Cross-posted at Business Insider
Cross-posted at The Huffington Post

Follow Chris on Twitter: @ChrisWeigant

 

5 Comments on “2012 Electoral Math”

  1. [1] 
    Michale wrote:

    This election is going to be a nail-biter, that much is certain..

    As cliche as it sounds, the future of this country is at stake..

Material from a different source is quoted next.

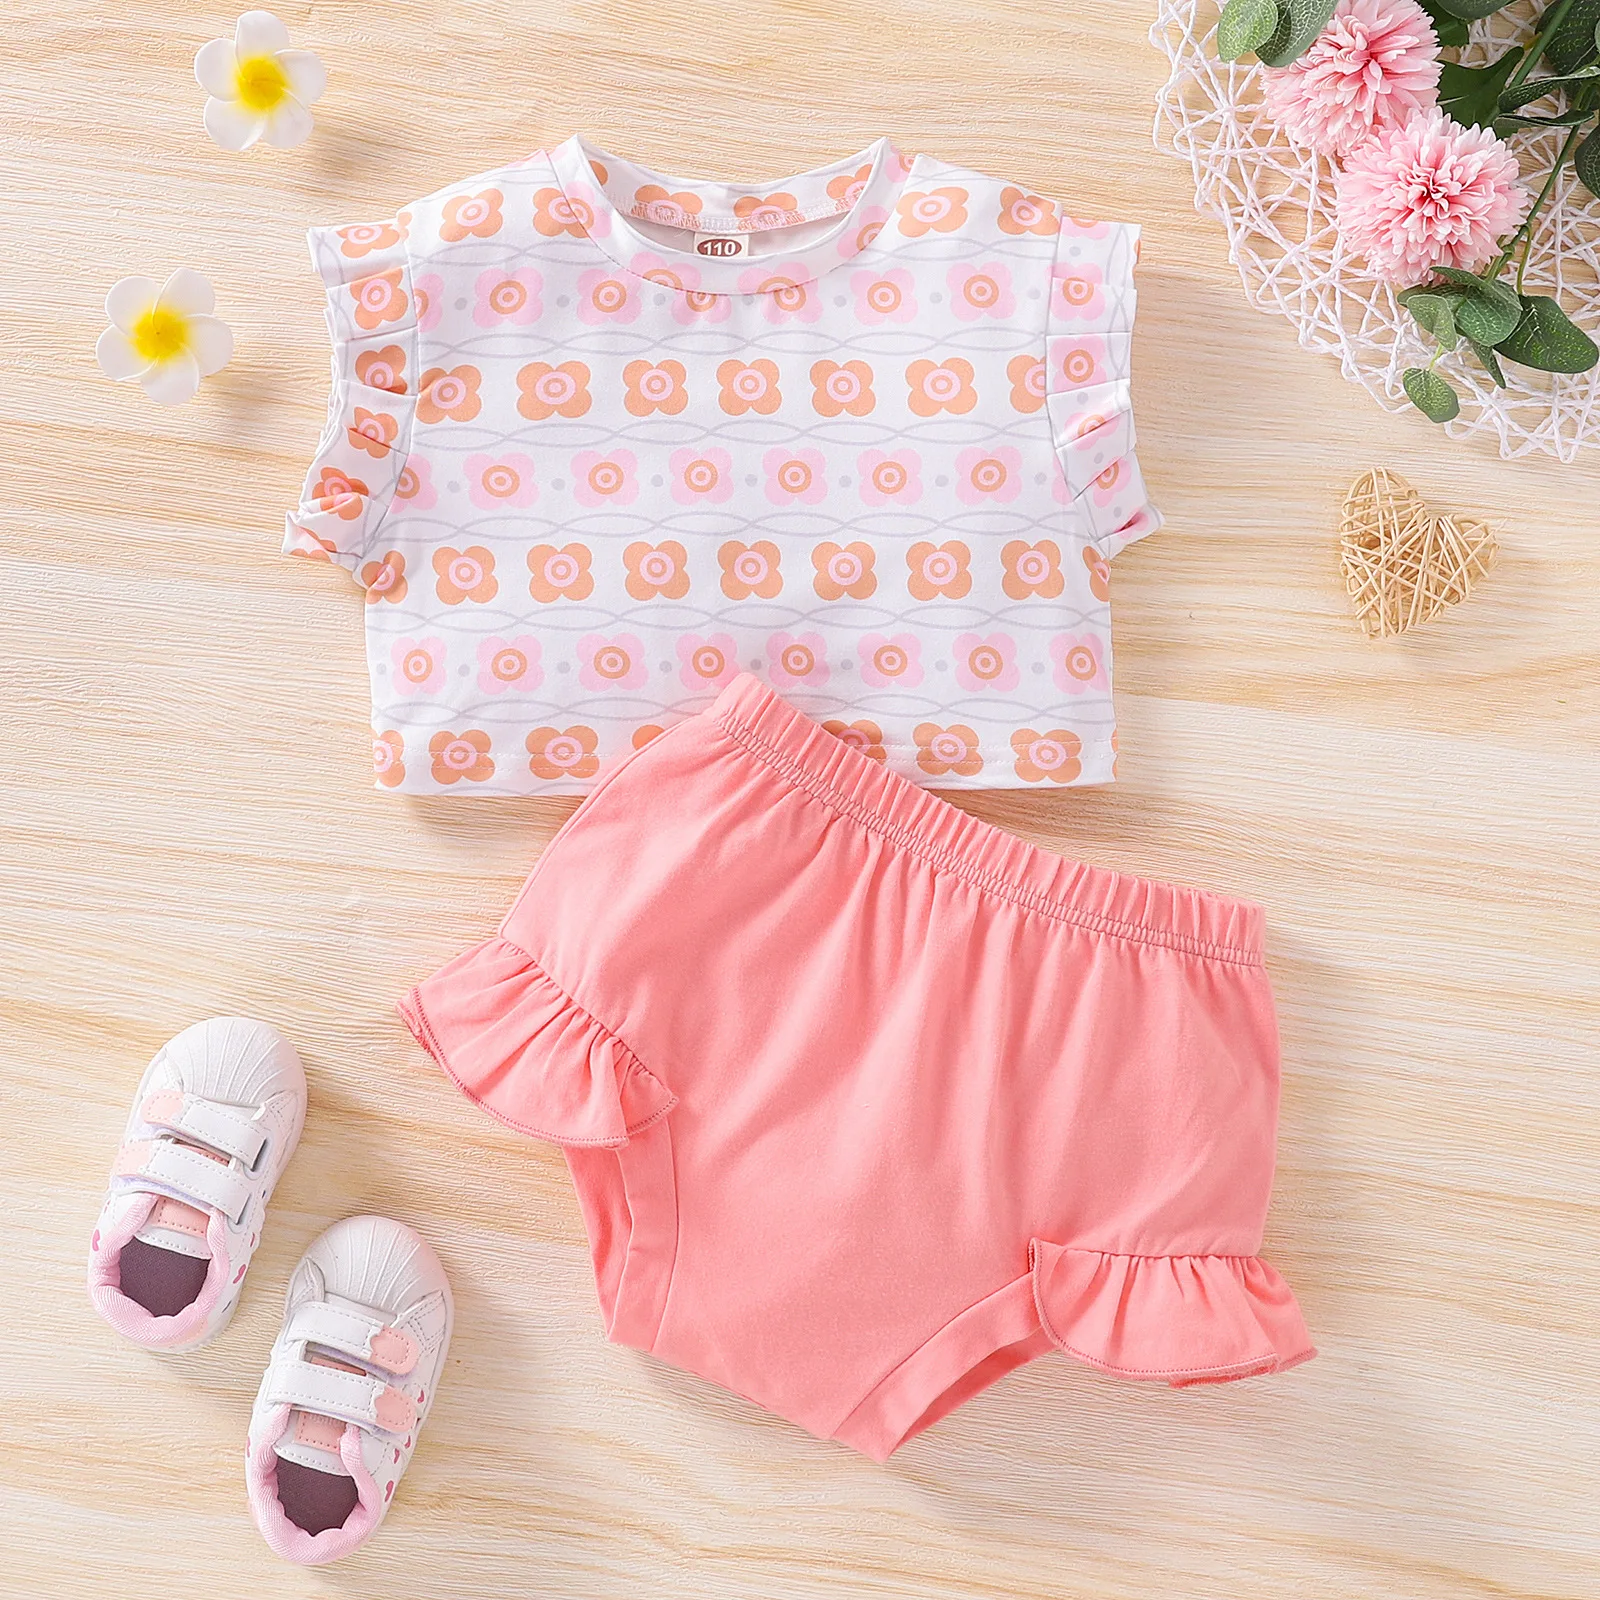 1-5T Fashion Toddler Baby Girls Summer Clothes Sets Newborn Infant Girls Floral Print Sleeveless Insert Top + Shorts 2Piece Set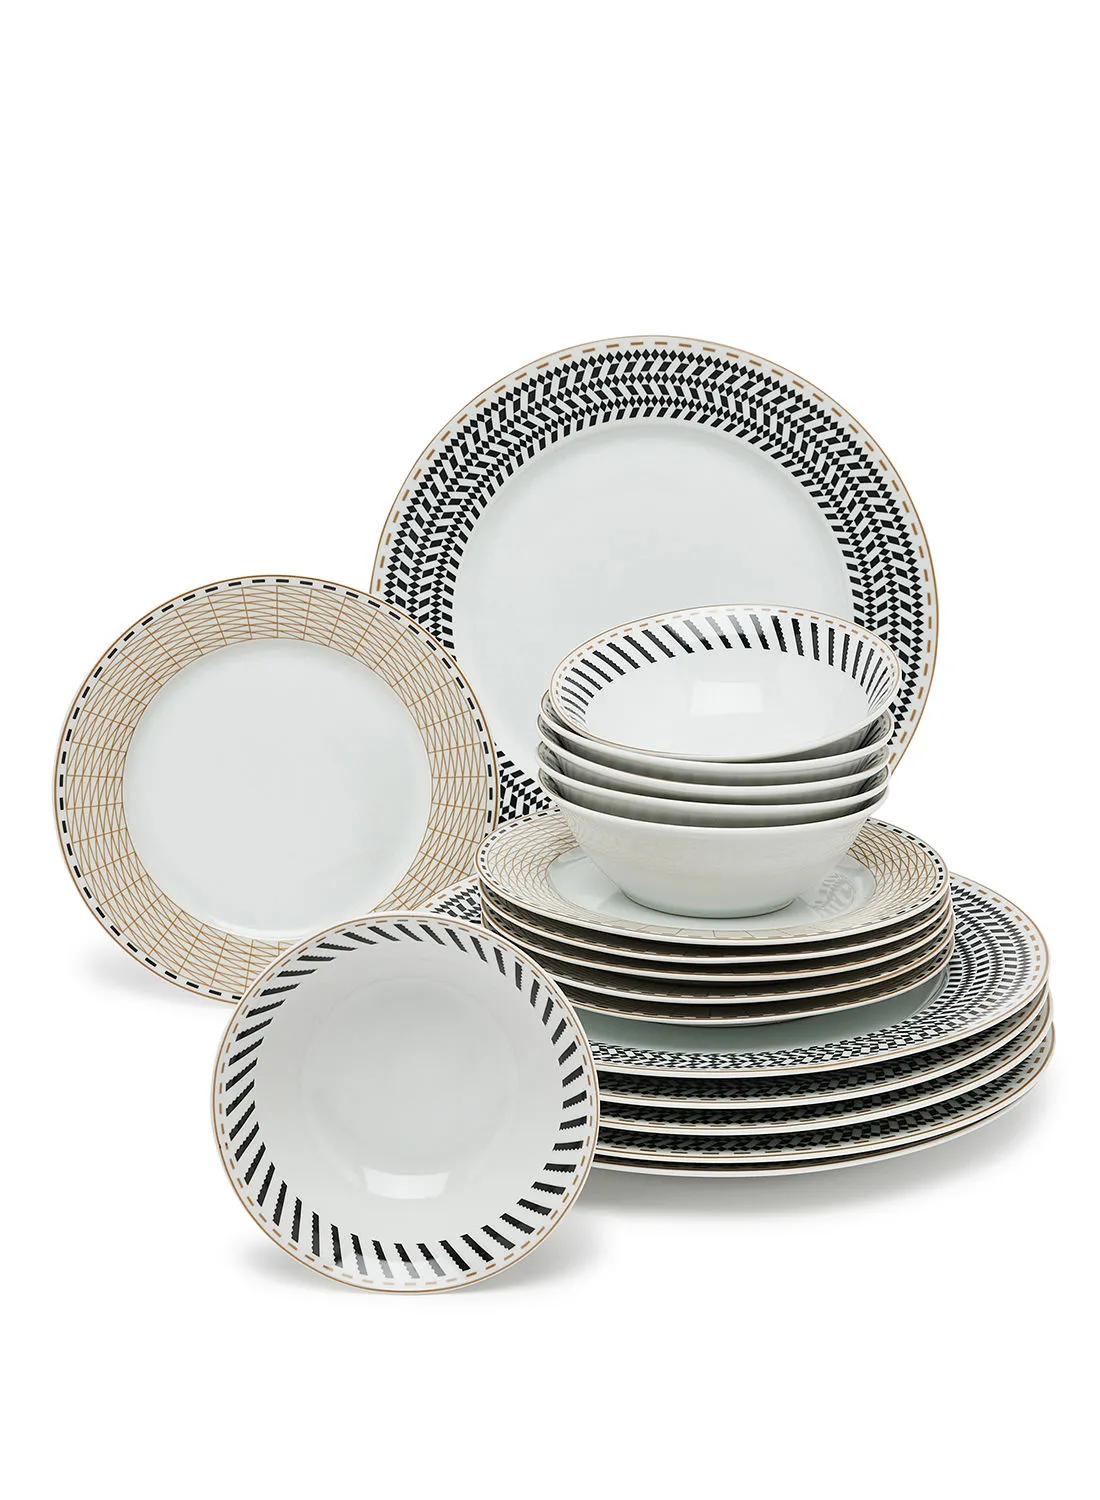 noon east 18 Piece Porcelain Dinner Set - Dishes, Plates - Dinner Plate, Side Plate, Bowl - Serves 6 - Printed Design Geometra

    Will we rise to our former glory??

    Or will we become Greece???

    Michale.....

  2. [2] 
    oldgulph wrote:

    Presidential elections don't have to be this way.

    * * *
    Current federal law (Title 3, chapter 1, section 6 of the United States Code) requires the states to report the November popular vote numbers (the "canvas") in what is called a "Certificate of Ascertainment." They list the electors and the number of votes cast for each. The Congress meets in joint session to count the electoral votes reported in the Certificates of Ascertainment. You can see the Certificates of Ascertainment for all 50 states and the District of Columbia containing the official count of the popular vote at the NARA web site.

    * * *

    The National Popular Vote bill would guarantee the Presidency to the candidate who receives the most popular votes in all 50 states (and DC).

    * * *

    Every vote, everywhere, would be politically relevant and equal in presidential elections. No more distorting and divisive red and blue state maps. There would no longer be a handful of 'battleground' states where voters and policies are more important than those of the voters in more than 3/4ths of the states that now are just 'spectators' and ignored after the primaries.

    * * *

    When the bill is enacted by states possessing a majority of the electoral votes– enough electoral votes to elect a President (270 of 538), all the electoral votes from the enacting states would be awarded to the presidential candidate who receives the most popular votes in all 50 states and DC.

    * * *

    The bill uses the power given to each state by the Founding Fathers in the Constitution to change how they award their electoral votes for President. Historically, virtually all of the major changes in the method of electing the President, including ending the requirement that only men who owned substantial property could vote and 48 current state-by-state winner-take-all laws, have come about by state legislative action.

    * * *

    In Gallup polls since 1944, only about 20% of the public has supported the current system of awarding all of a state's electoral votes to the presidential candidate who receives the most votes in each separate state (with about 70% opposed and about 10% undecided). Support for a national popular vote is strong among Republicans, Democrats, and Independent voters, as well as every demographic group in virtually every state surveyed in recent polls in closely divided Battleground states: CO – 68%, FL – 78%, IA 75%, MI – 73%, MO – 70%, NH – 69%, NV – 72%, NM– 76%, NC – 74%, OH – 70%, PA – 78%, VA – 74%, and WI – 71%; in Small states (3 to 5 electoral votes): AK – 70%, DC – 76%, DE – 75%, ID – 77%, ME – 77%, MT – 72%, NE 74%, NH – 69%, NV – 72%, NM – 76%, OK – 81%, RI – 74%, SD – 71%, UT – 70%, VT – 75%, WV – 81%, and WY – 69%; in Southern and Border states: AR – 80%,, KY- 80%, MS – 77%, MO – 70%, NC – 74%, OK – 81%, SC – 71%, TN – 83%, VA – 74%, and WV – 81%; and in other states polled: AZ – 67%, CA – 70%, CT – 74%, MA – 73%, MN – 75%, NY – 79%, OR – 76%, and WA – 77%. Americans believe that the candidate who receives the most votes should win.

    * * *

    The bill has passed 31 state legislative chambers in 21 states. The bill has been enacted by 9 jurisdictions possessing 132 electoral votes - 49% of the 270 necessary to go into effect.

    * * *

    NationalPopularVote * * *
    Follow National Popular Vote on Facebook via NationalPopularVoteInc

  3. [3] 
    Chris1962 wrote:
  4. [4] 
    Chris Weigant wrote:

    Chris1962 -

    Ah, c'mon, that's your ONLY comment on this article? I'm disappointed, you're usually more into this stats-n-charts stuff...

    :-)

    Heh.

    -CW

  5. [5] 
    Chris1962 wrote:

    Oh, you know I'll be commenting. I'm just tense. Big day tomorrow, don'tcha know. I'll have to be doing some nar-nee-nar-nee-nar-narring for awhile, but I look forward to a good discussion after that about the ruling and where you think the parties take it from there.